As More Devices Board Planes, Travelers Are Playing with Fire - kawera
http://www.nytimes.com/2016/09/13/business/as-more-devices-board-planes-travelers-are-playing-with-fire.html?pagewanted=all
======
kawsper
RC enthusiasts use LiPo batteries, which can cause a lot of damage if
mishandled and damaged, you can see a video here where a famous quadcopter
pilot shows how many batteries he carries for a day of flying [0].

These batteries go into your carry-on luggage and needs to be protected from
damage and short circuit.

Some info on why batteries shouldn't be in the cargo hold "Halon 1301, the
suppression agent found in Class C cargo compartments, is ineffective in
controlling a lithium metal cell fire." [1]

Here is the FAA requirements:

\- LiPo batteries installed in a device are ok in either checked or carry-on
luggage.

\- An unlimited number of spare (uninstalled) LiPo batteries with a rating of
up to 100 WHr may be carried, but only in carry-on baggage.

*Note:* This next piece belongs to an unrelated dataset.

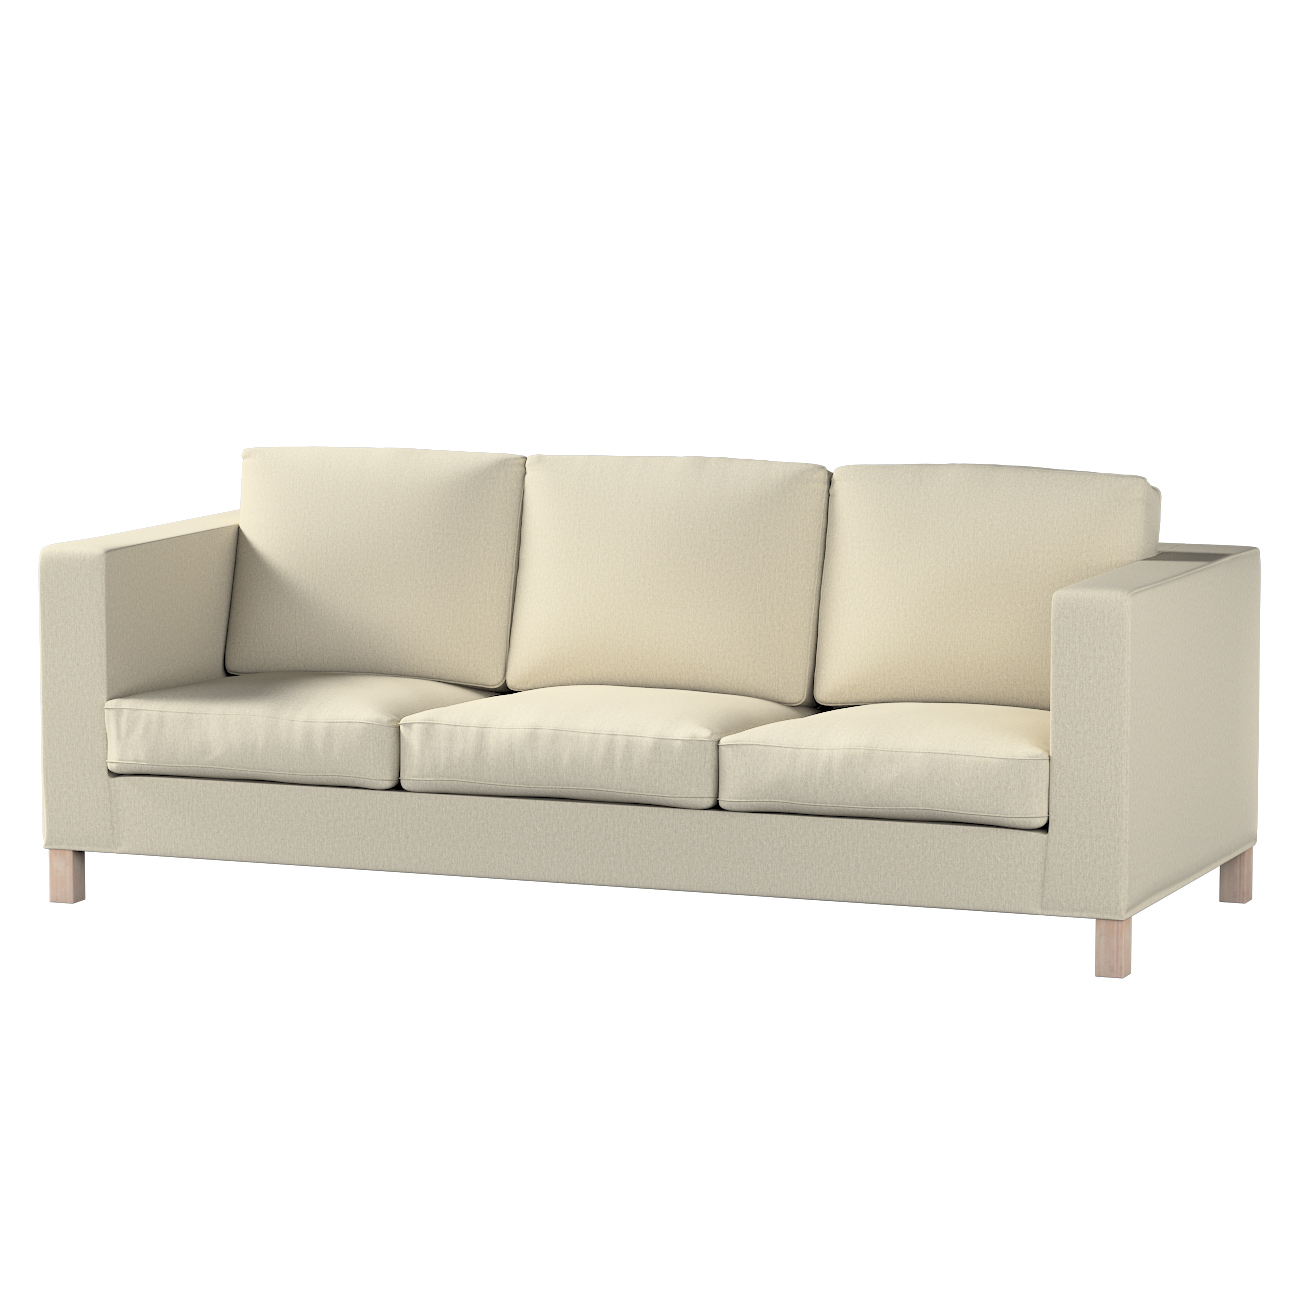 Bezug für Karlanda 3-Sitzer Sofa nicht ausklappbar, kurz, beige-grau, Bezug günstig online kaufen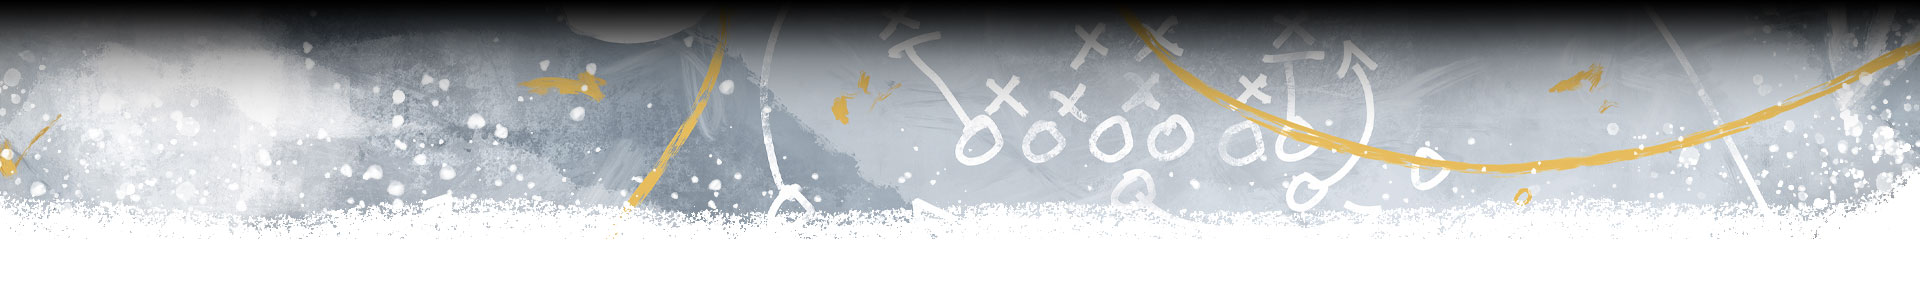 Une image décorative de schéma stratégique de football.

\- With airline approval, up to 2 LiPo batteries with ratings between 100 and
160 WHr may be carried, but only in carry-on luggage.

\- LiPo batteries larger than 160 WHr are not allowed.

It seems really strange you can travel with these things, I can't imagine the
damage that will happen if a bag of batteries happens to blow up.

[0]
[https://www.youtube.com/watch?v=vCtneglrE8I&t=278](https://www.youtube.com/watch?v=vCtneglrE8I&t=278)

[1]
[http://www.faa.gov/other_visit/aviation_industry/airline_ope...](http://www.faa.gov/other_visit/aviation_industry/airline_operators/airline_safety/safo/all_safos/media/2010/safo10017.pdf﻿)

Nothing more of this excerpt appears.